◆ What you will do ◆
Would you return the data below exactly as it stands, with every picture left out?

◆ Supplied data ◆
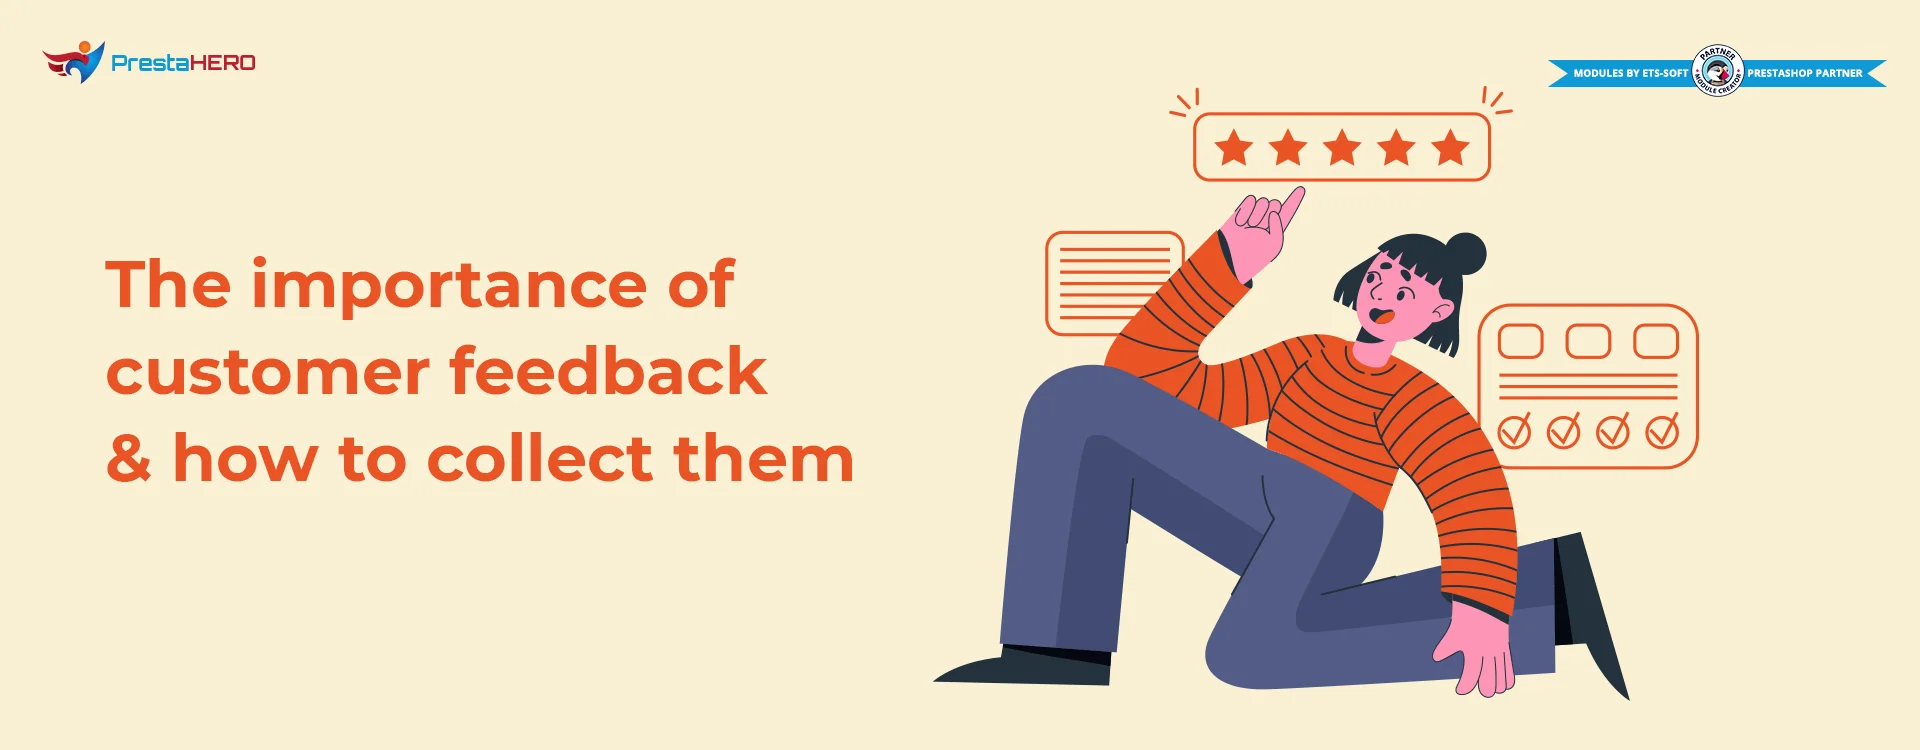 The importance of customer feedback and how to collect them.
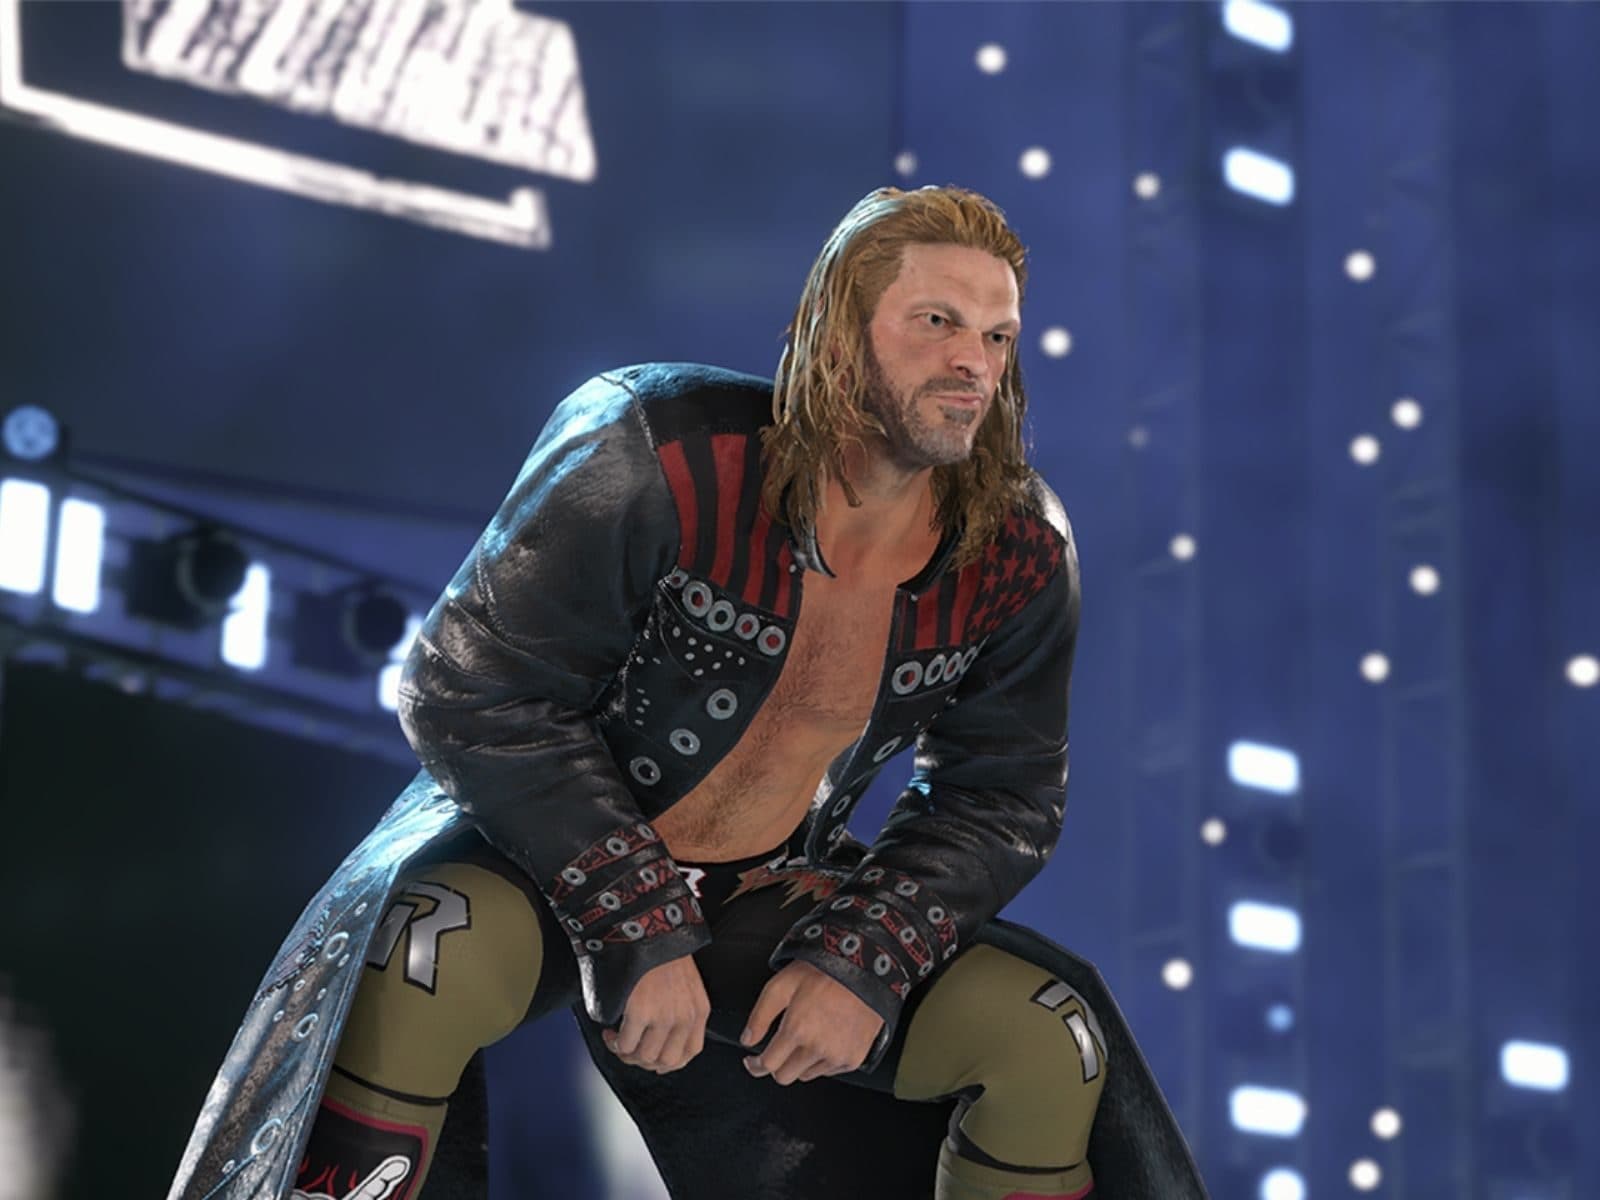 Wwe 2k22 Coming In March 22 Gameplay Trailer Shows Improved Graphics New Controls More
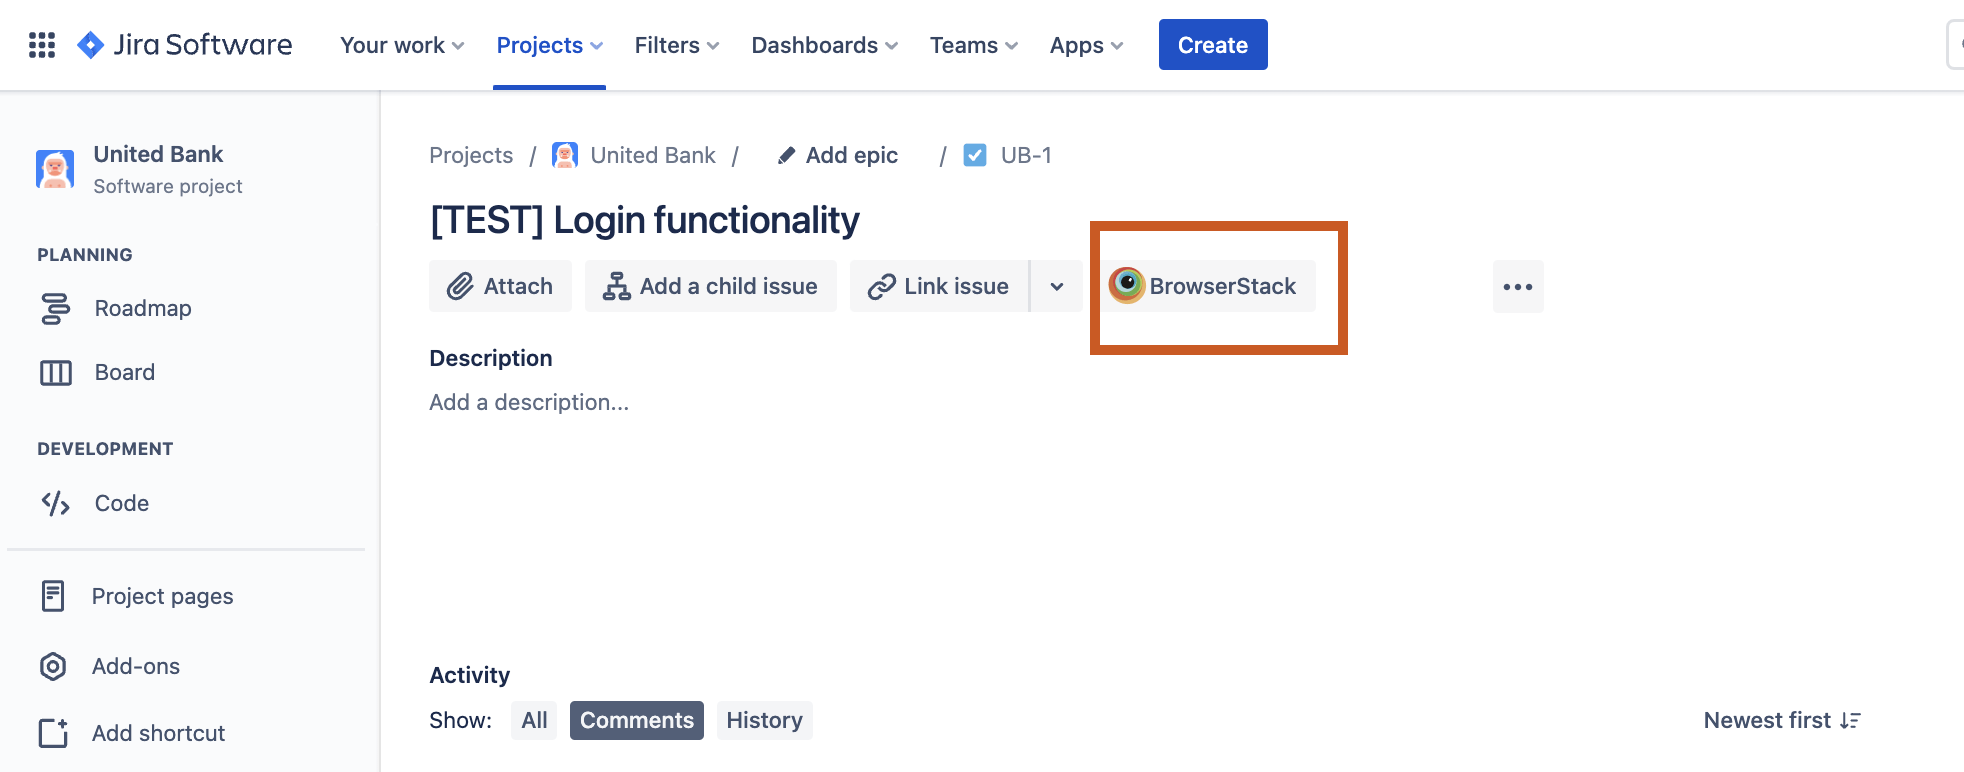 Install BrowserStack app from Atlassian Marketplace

◆ Answer for this exercise ◆
 The importance of customer feedback and how to collect them.
 Wwe 2k22 Coming In March 22 Gameplay Trailer Shows Improved Graphics New Controls More
 Install BrowserStack app from Atlassian Marketplace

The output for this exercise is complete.